Five gallon plastic water jug with the bottom cut off. Then pour the bees into a nuc or hive.


----------



## dadux (Feb 23, 2012)

Right into a super. Stack old supers to get it close to the swarm.


----------



## Mr.Beeman (May 19, 2012)

With this scenario I agree, shake right into a hive set up with drawn comb if at all possible. 
A swarm is already stressed out looking for a place to go. Why stress them out even more by shaking them into one container to just shake/dump them into their hive set up? Makes no sense to me.
I do have a heavy duty painter's extension pole in which I have a plastic water bottle attached for high swarms. I've only used it a few times so far but it has come in handy.


----------



## tanksbees (Jun 16, 2014)

I don't think bees get "stressed out". I would use whatever tool gets the job done and gets them into a hive as quickly as possible. Bees in a hive prosper, bees that are blowing in the wind are no good to anyone.


----------



## Mr.Beeman (May 19, 2012)

Anything can get stressed out. People, trees, plants, animals, fish, birds, grass, insects, etc. Even bees can get stressed and it's effect can be deadly. STRESS KILLS (scientifically proven).

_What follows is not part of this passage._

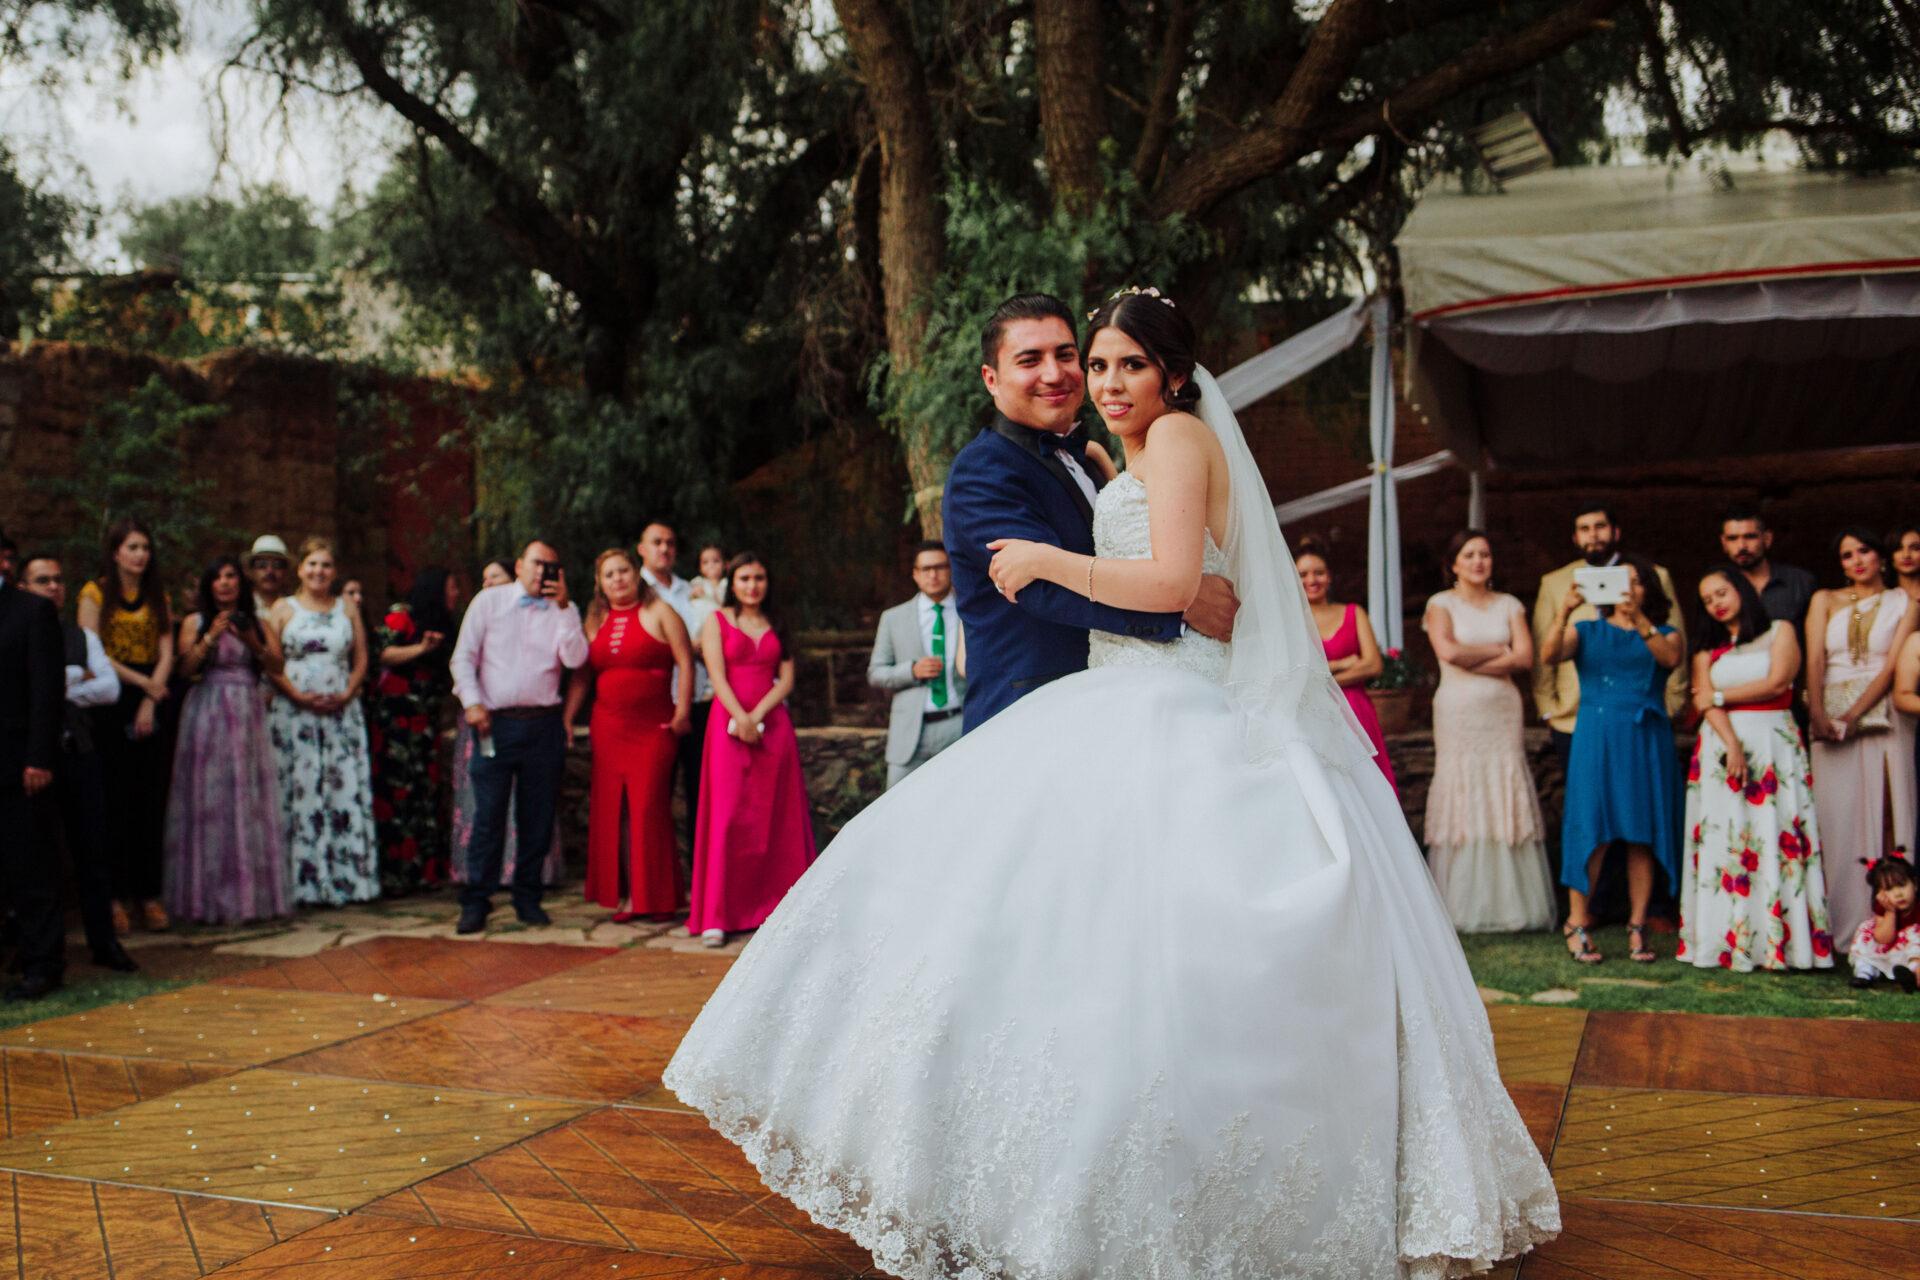 javier_noriega_fotografo_bodas_exhacienda_las_mercedes_zacatecas_wedding_photographer15a

http://news.discovery.com/earth/stress-causes-bee-colony-collapse-131007.htm

Just ONE artical of hundreds available with scientific studies.


----------



## GaryG74 (Apr 9, 2014)

Ferg said:


> Lets say you have a swarm on a small limb 5' off the ground and you want to shake them in a box. What makes the best box to shake them into? Was thinking of using a plastic tub with some screen vents and screen vents in the lid. Your thoughts?


What ever box you have handy at the time, even if a card board box. It needs to have ventilation hole so they don't over heat though, or screen. If only 5 feet off the ground and I had a hive there, I'd stack boxes, put a cloth over them, set hive on top and right under swarm. Shake into hive, give time for all to go in, then screen entrance and top, take home.


----------



## mtndewluvr (Oct 28, 2012)

Riverderwent said:


> Five gallon plastic water jug with the bottom cut off. Then pour the bees into a nuc or hive.


I do this because I always have the jug and hive (or nuc) with me, saves setup time and very few bees miss the hive on the first try.


----------